Implementation, induction and training

The anti bribery policy should be an integral part of any induction process and training. Training, appropriate to the organisation's size and the extent of bribery risk, should be given to all staff where appropriate, not just new joiners.

Monitoring procedures

Ensure that relevant financial (and other) procedures contain adequate safeguards to identify irregular activity.
Ensure that acts in breach of the anti-bribery policy are dealt with appropriately (eg in accordance with any disciplinary procedure for employees) and are not condoned or overlooked.

Business dealings in certain countries

For organisations doing business in countries which have a low rating in Transparency International's Annual Corruption Perceptions index, review areas such as dealings with state enterprises and dealings through agents.

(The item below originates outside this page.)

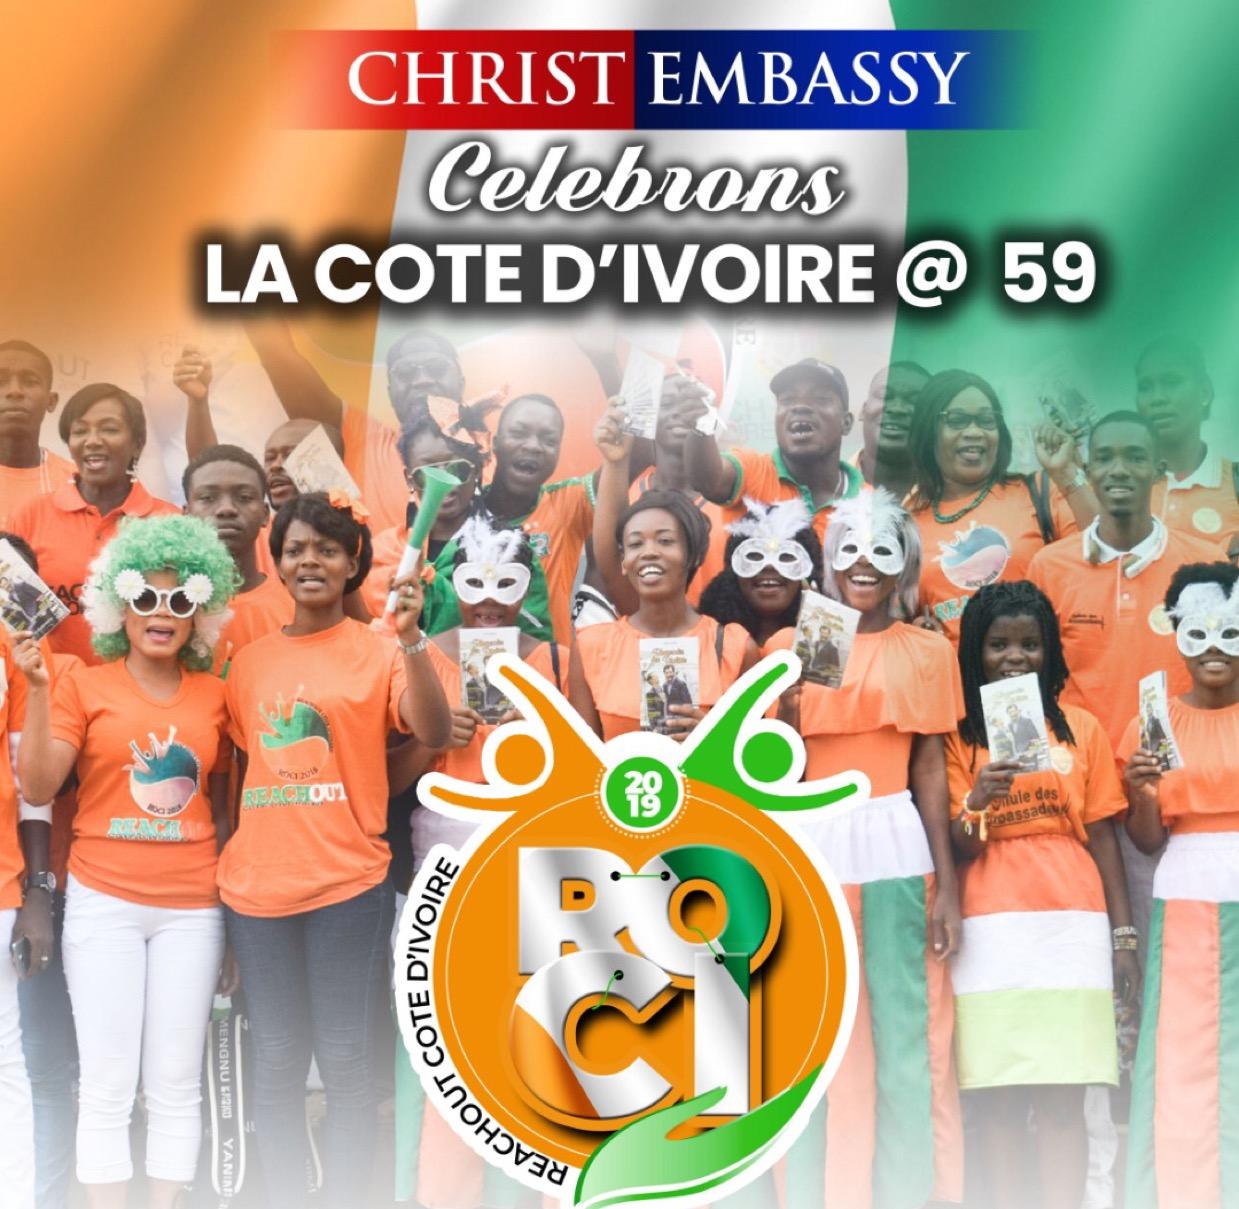 CELEBRATING COTE D'IVOIRE @ 59.

Any subsidiaries or other controlled organisations should adopt the same anti-bribery measures.

How will FSA authorised businesses be affected?

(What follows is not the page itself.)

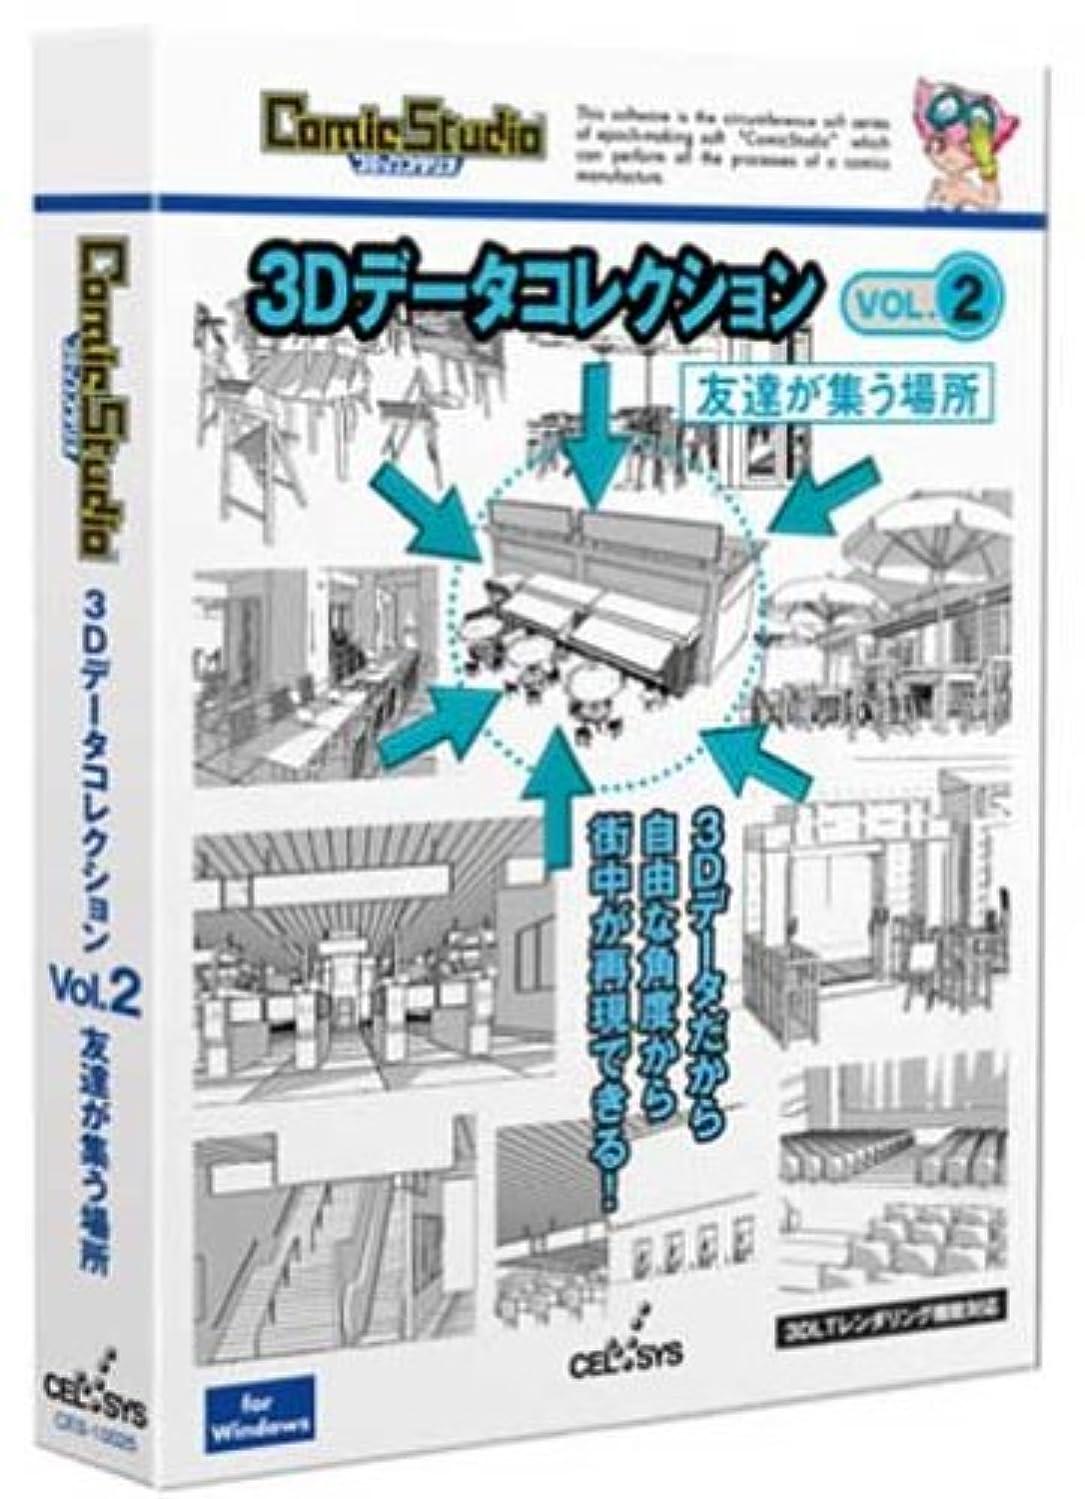 祈るロマンチック所有権ComicStudio 3Dデータコレクション Vol.2 友達が集う場所

FSA authorised businesses are more likely to be put under the spotlight by the relevant enforcement agency. The FSA has a regulatory objective to reduce financial crime. In January 2009, Aon was fined £5.25 million for failings in its anti-bribery and corruption systems and controls.

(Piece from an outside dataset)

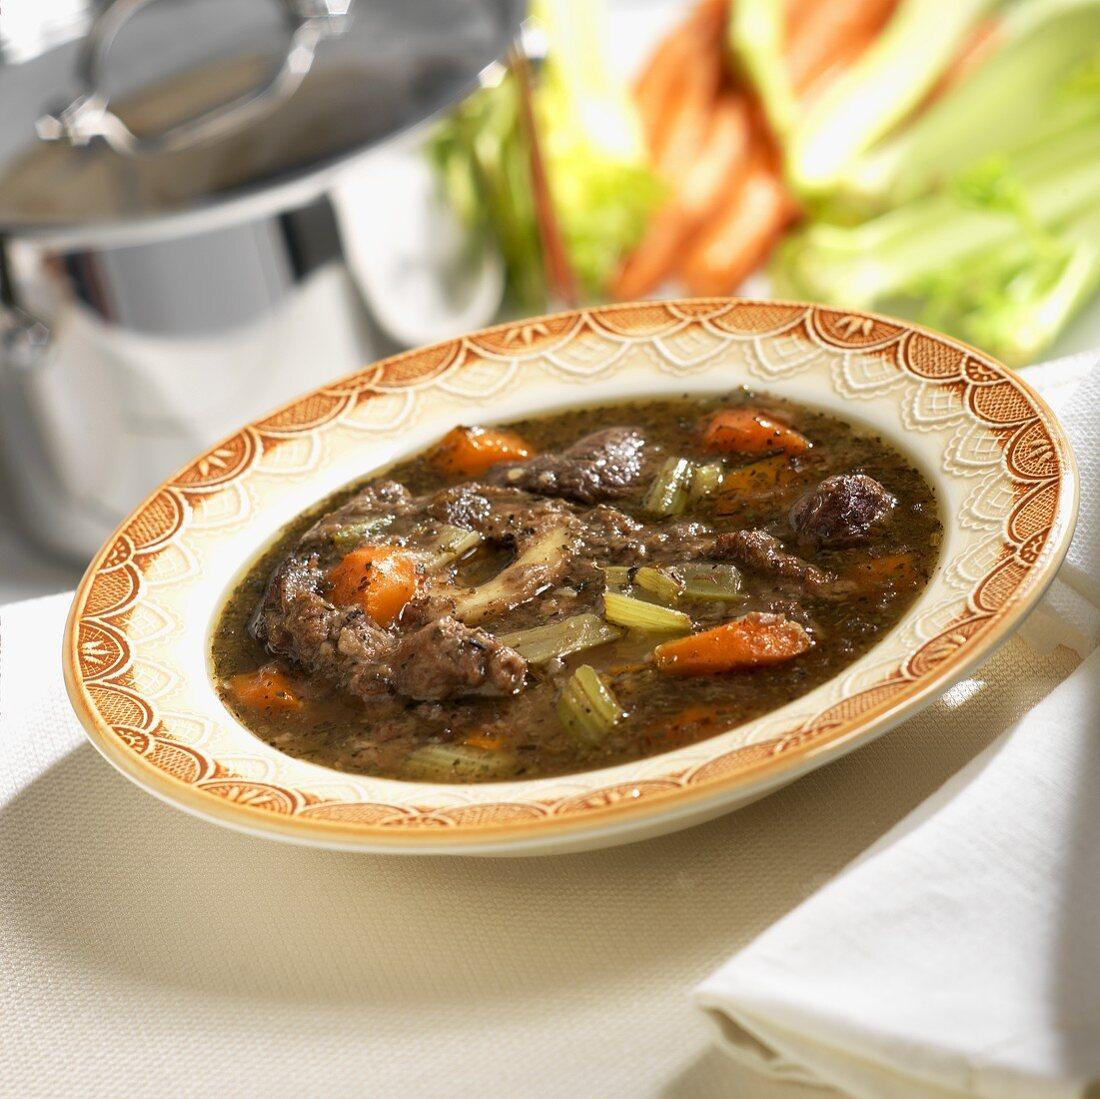 Bowl of Braised Beef Shank Stew

.........................................................................................................................................

Appendix

'Guidance about procedures which relevant commercial organisations can put in place to prevent persons associated with them from bribing'

The Government has adopted principles-based guidance, which will allow a commercial organisation to tailor its policies and procedures so that they are appropriate to its size and resources. The principles have been revised since the consultation paper earlier this year and are now as follows:

  • Proportionate procedures: A commercial organisation's procedures to prevent bribery by persons associated with it are proportionate to the bribery risks it faces and to the nature, scale and complexity of the commercial organisation's activities. They are clear, practical, accessible, effectively implemented and enforced.
  • Top level commitment: The top level management of a commercial organisation (be it a board of directors, the owners or any other equivalent body or person) are committed to preventing bribery by persons associated with it. They foster a culture within the organisation in which bribery is never acceptable.
  • Risk assessment: The commercial organisation assesses the nature and extent of its exposure to potential external and internal risks of bribery on its behalf by persons associated with it. This assessment is periodic, informed and documented.
  • Due diligence: The commercial organisation applies due diligence procedures, taking a proportionate and risk based approach, in respect of persons who perform or will perform services before or on behalf of the organisation, in order to mitigate identified bribery risks.
  • Communication (including training) The commercial organisation seeks to ensure that its bribery prevention polices and procedures are embedded and understood throughout the organisation through internal and external communication, including training, that is proportionate to the risks it faces.
  • Monitoring and review: The commercial organisation monitors and reviews procedures designed to prevent bribery by persons associated with it and makes improvements where necessary.

The guidance goes on to explain and illustrate each of the principles in turn, with recommended action in each category.

The guidance then sets out a series of case studies, to illustrate how the principles are engaged in different types of situation such as:

  • Facilitation payments
  • Proportionate procedures
  • Joint ventures
  • Hospitality and promotional expenditure
  • Due diligence of agents
  • Communicating and training
  • Community benefits and charitable donations
  • Top level commitment

The content of this article is intended to provide a general guide to the subject matter. Specialist advice should be sought about your specific circumstances.